* [Aim of the exercise] Could you set down exactly the lines in the records below between the line holding "Teenage Mutant Ninja Turtles TEENAGE" and the line holding "baby vivo 12", inclusive?

* [Dataset]

Start of Block

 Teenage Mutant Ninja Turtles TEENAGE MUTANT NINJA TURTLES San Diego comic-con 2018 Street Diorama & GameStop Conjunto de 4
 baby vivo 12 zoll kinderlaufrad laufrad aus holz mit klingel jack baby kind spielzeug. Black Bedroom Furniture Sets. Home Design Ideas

End of Block
Start of Block

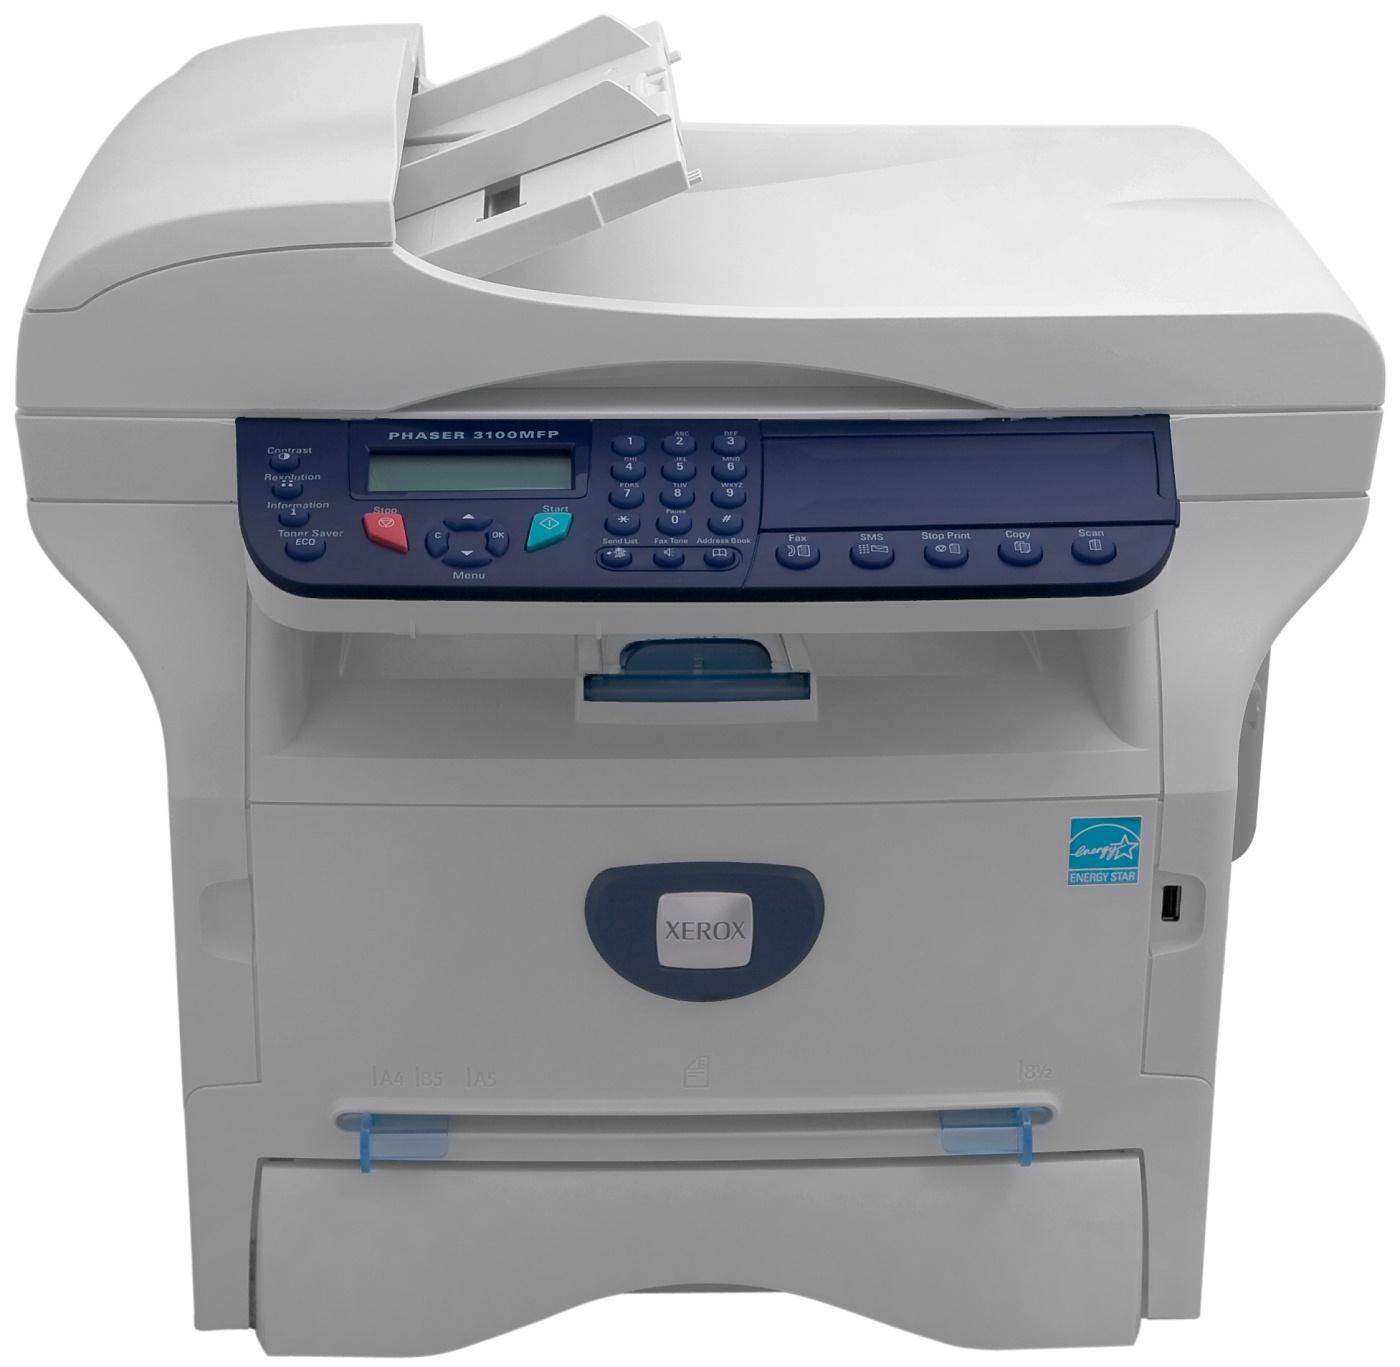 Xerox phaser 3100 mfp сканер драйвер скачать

End of Block

* [Expected output]
 Teenage Mutant Ninja Turtles TEENAGE MUTANT NINJA TURTLES San Diego comic-con 2018 Street Diorama & GameStop Conjunto de 4
 baby vivo 12 zoll kinderlaufrad laufrad aus holz mit klingel jack baby kind spielzeug. Black Bedroom Furniture Sets. Home Design Ideas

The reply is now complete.